Cage is the type of actor whose galactic performances directly feed from the stakes of the stories he’s in—think about the intense emotional journey of “Mandy,” with heavy metal guitars accompanying his unrelenting journey into hellish revenge, and the gold that movie gave us. In “Prisoners of the Ghostland,” Cage saunters around most of the movie with a suit that is geared to blow up different limbs and also his testicles. In theory that sounds like amazing and funny character motivation, but it gets lost in whatever this movie tries to pass off for plot. You come for ideas like Cage wearing a testicle trap, and then you get rambling exposition about some ghostland boundaries, history of a nuclear explosion, flashbacks to a bank robbery involving Cage’s character, and backstories for people whose emotions are played surface-level by their director.

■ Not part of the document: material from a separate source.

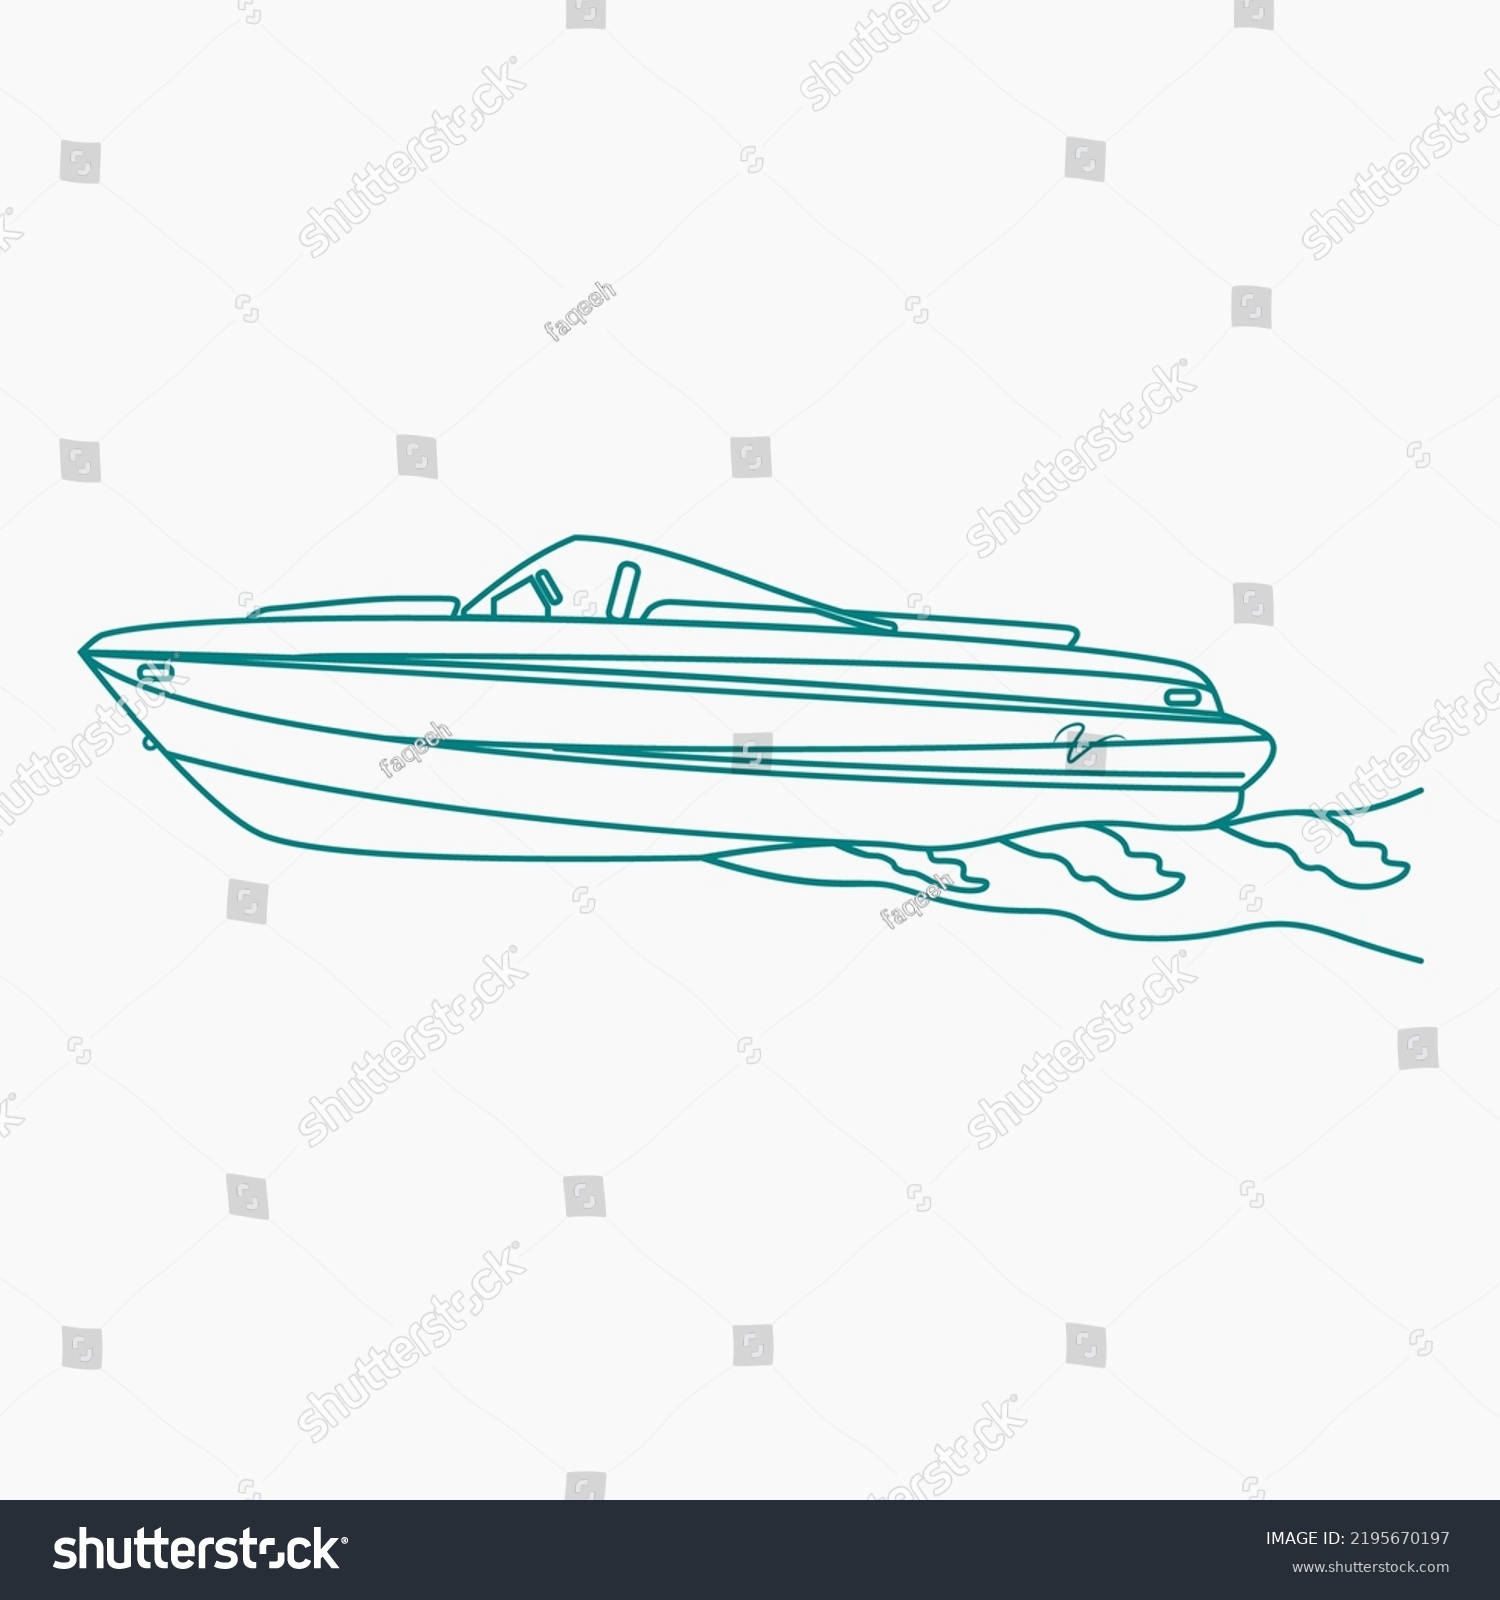 SVG of Editable Side View American Bowrider Boat on Water Vector Illustration in Outline Style for Artwork Element of Transportation or Recreation Related Design svg

Cage’s character (named Hero in the credits) is wearing the suit as a type of guarantee that he won’t run away, as he’s been forcefully enlisted by a powerful, malevolent figure named The Governor (Bill Moseley) to return his missing daughter Bernice (Sofia Boutella) from a place called the Ghostland. If Hero tries to take it off, it detonates at his neck; if he touches Bernice, his arm will face the same fate. If he dares get excited around her, well, there’s two bulbs by his crotch. The star power of Cage’s performance, in Man with No Name mode, comes from select line-readings, a few yowling moments here, or a stolen goofy image there. It’s also a little exciting (in a few bursts of ultraviolence) to see Cage in a form that he has inched toward for so long—his own version of a samurai. Only Cage could have played this type of role, but his character itself is so uninteresting beyond being played by Nicolas Cage.
This is Sono’s long-anticipated English language debut, and he treats it like a victory lap with no attention to the game. The script was written by Aaron Henry and Reza Sixo Safai, but it was undeniably taken apart and tangled by the unpredictable instincts of Sono, who is not precious in the slightest with even bits of emotion or backstory that would give us something to care about. He’s especially slight when it comes to creating momentum for the story, even though it involves a rescue mission of sorts, a “Mad Max”-like apocalypse of sorts, and a flat subplot about a samurai named Yasujiro (Tak Sakaguchi) who later adds to the movie’s body count.